The 4th Australian Academy of Cinema and Television Arts International Awards (commonly known as the AACTA International Awards), are to be presented by the Australian Academy of Cinema and Television Arts (AACTA), a non-profit organisation whose aim is to identify, award, promote and celebrate Australia's greatest achievements in film and television. Awards will be handed out for the best films of 2014 regardless of the country of origin, and are the international counterpart to the awards for Australian films (held on 27 and 29 January). The winners will be announced in Los Angeles, California on 31 January 2015 as part of the Australia Week event. The ceremony will be hosted by Nicole Kidman and Geoffrey Rush and broadcast in Australia on Arena on 1 February.
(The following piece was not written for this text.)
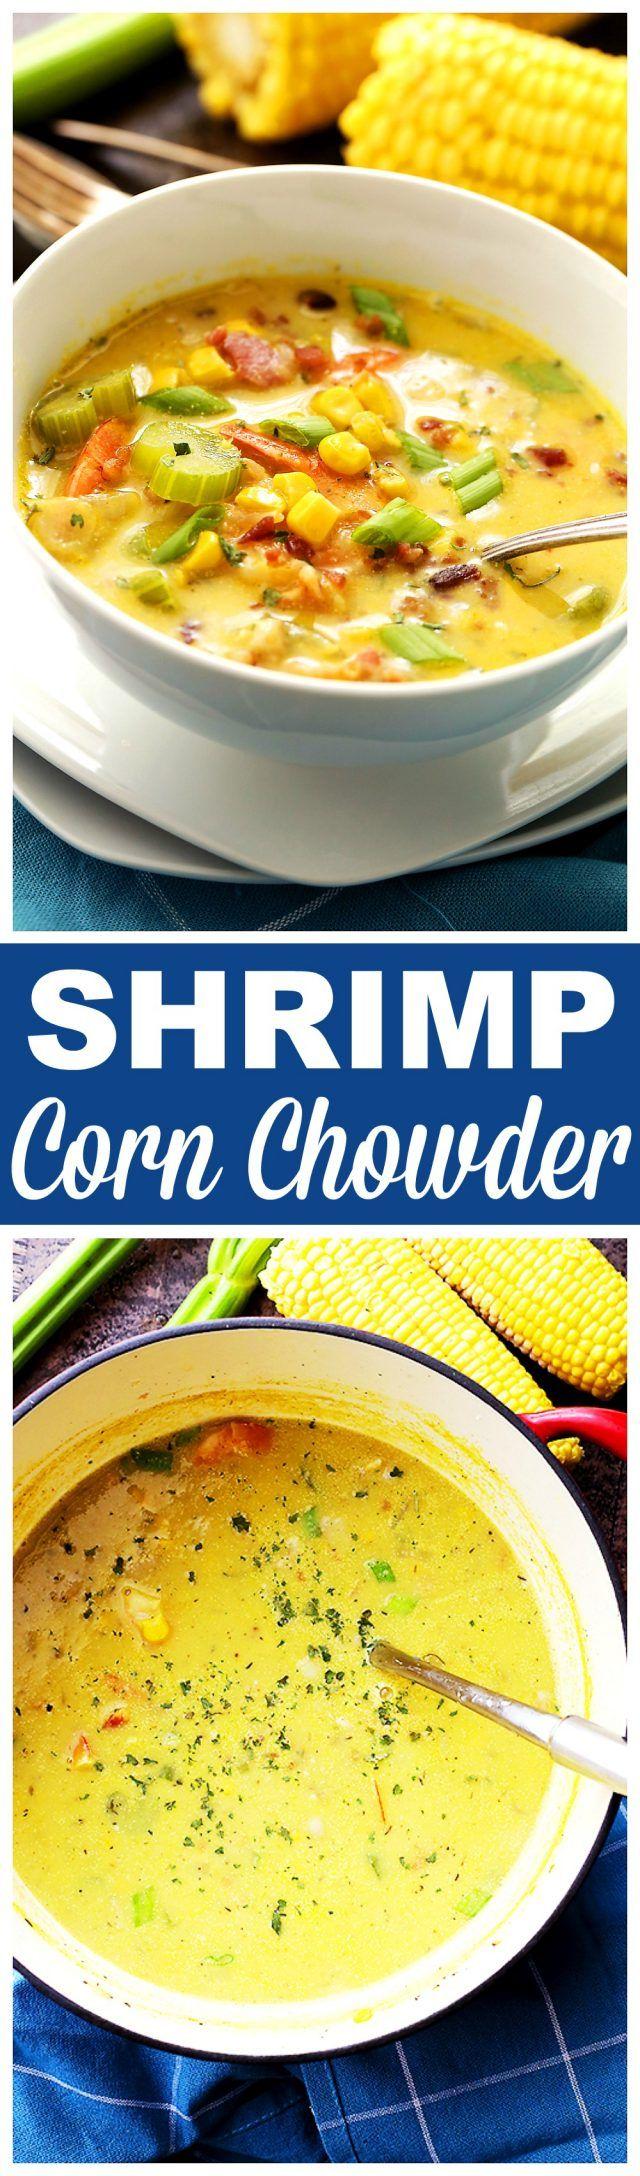 Shrimp Corn Chowder Recipe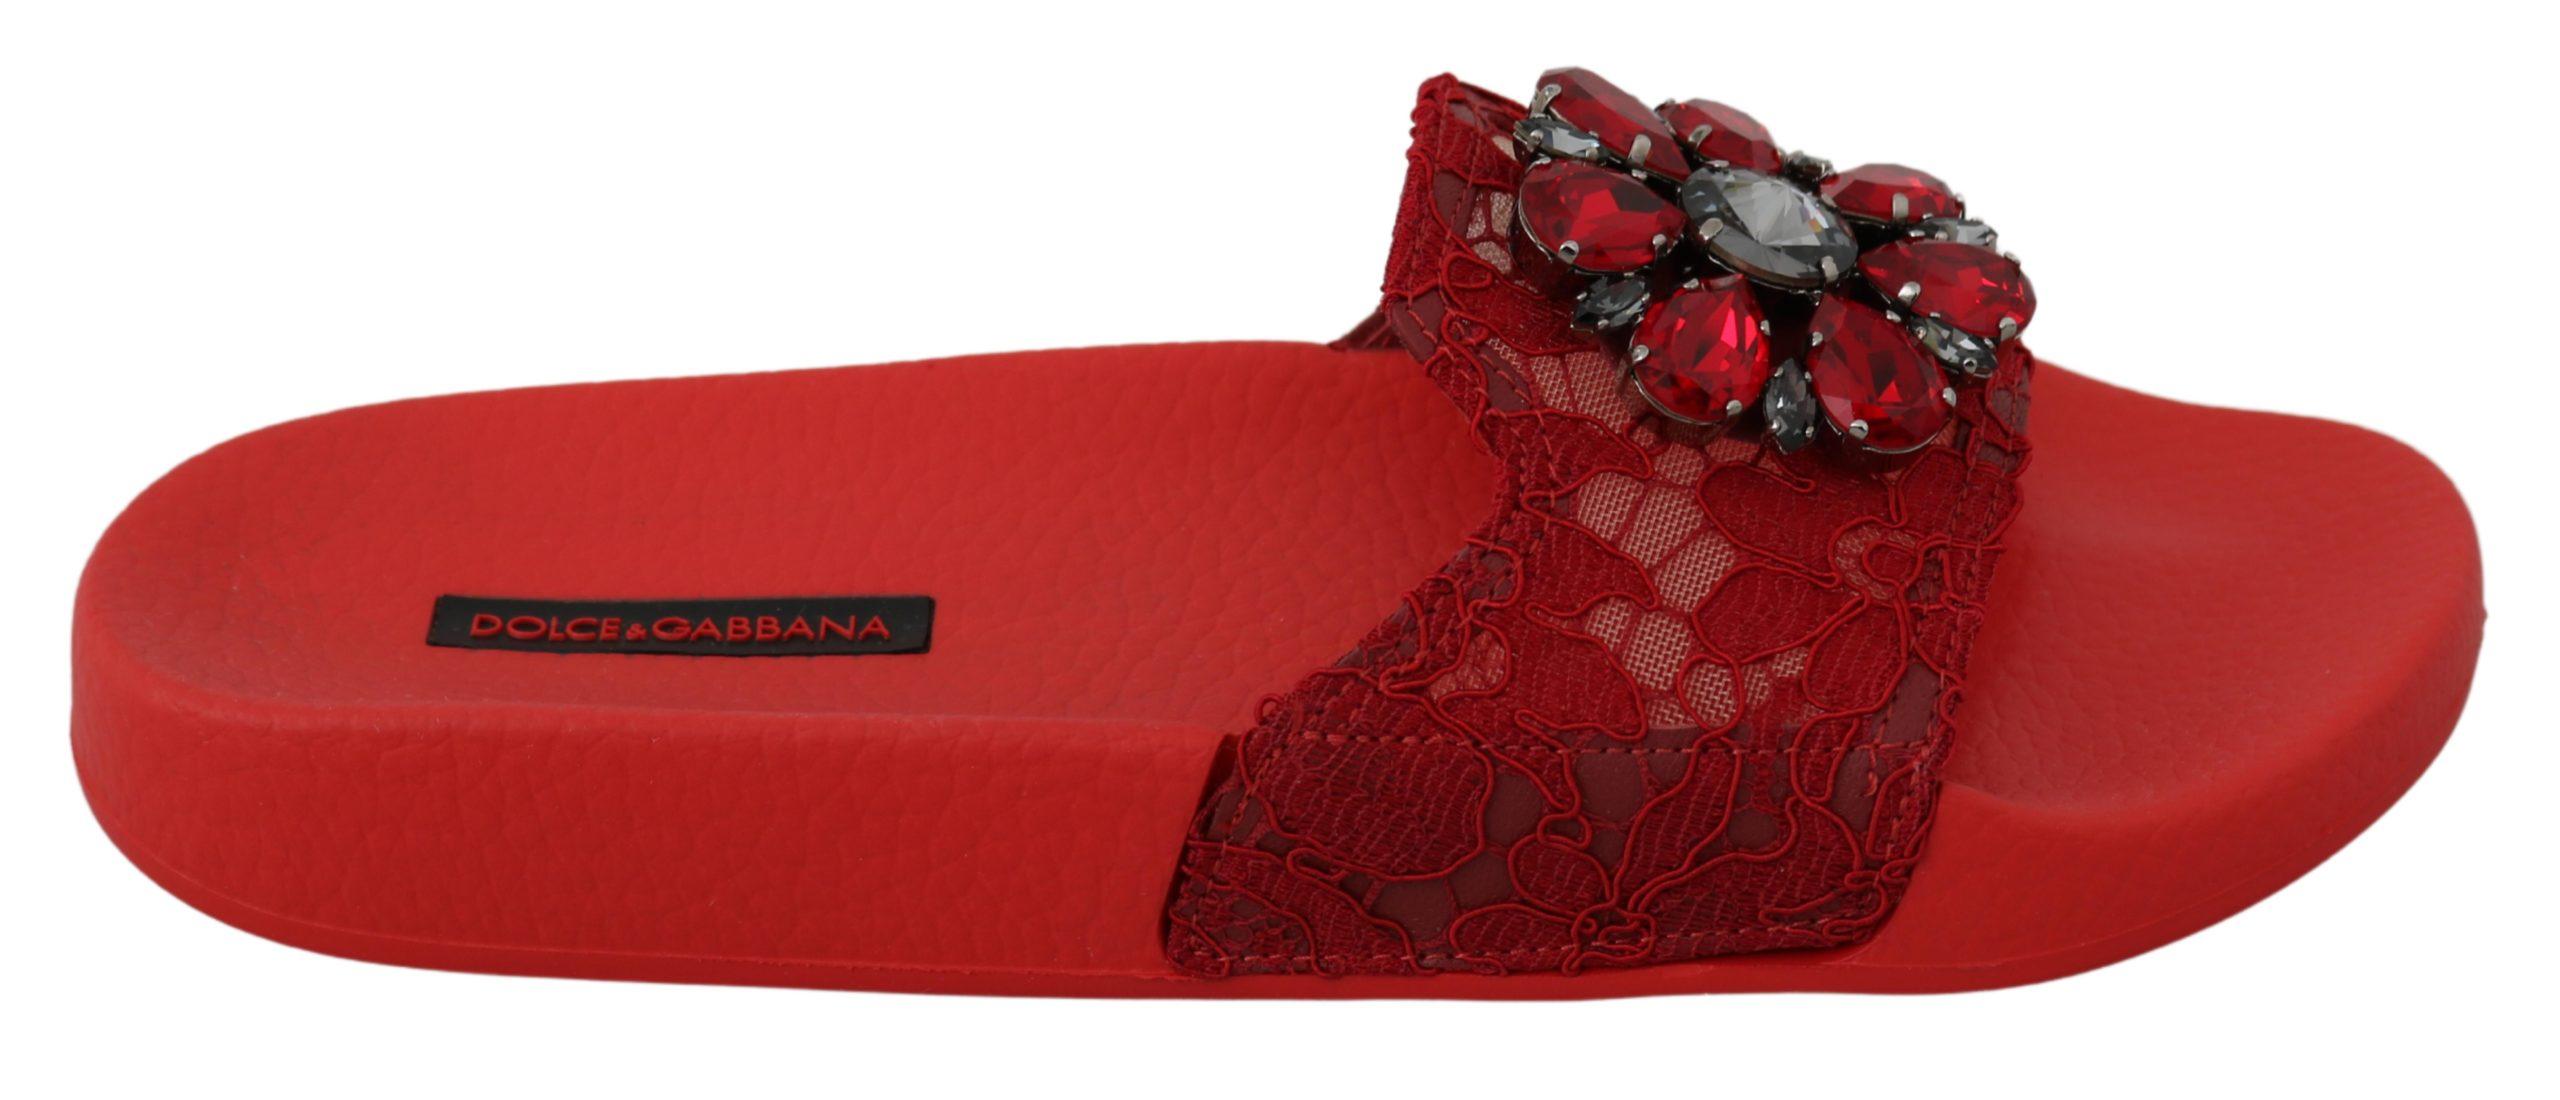 Dolce & Gabbana Women's Lace Crystal Slides Sandals Red LA6555 - EU35/US4.5

The nominees were announced on 7 January 2015. Birdman received the most nominations with seven in all categories except Best Lead Actress.

==Background==
On 9 December 2014, a partnership between AACTA and G'day LA organisers was announced. At this announcement it was revealed that the 4th AACTA International Awards will be presented during the G'day LA black tie gala, an event which usually hands out awards for achievements by Australians in Hollywood. Nominees were chosen by the international chapter of the academy which comprises 140 members of Australian filmmakers and executives "with distinguished international credentials." The ceremony will be held on 31 January and presided over by Nicole Kidman and Geoffrey Rush. The event will be broadcast in Australia on subscription television channel Arena for the second year running on 1 February 2015.

==Winners and nominees==
The final nominees were announced on 7 January 2015. Of those nominated, Birdman or (The Unexpected Virtue of Ignorance) received the most nominations with seven in all categories except for Best Actress. Other nominated productions include Boyhood and The Imitation Game with five, Whiplash with four, The Grand Budapest Hotel with three, Foxcatcher and The Theory of Everything with two and The Babadook, Dawn of the Planet of the Apes, Gone Girl, Into the Woods, Still Alice and Wild with one each.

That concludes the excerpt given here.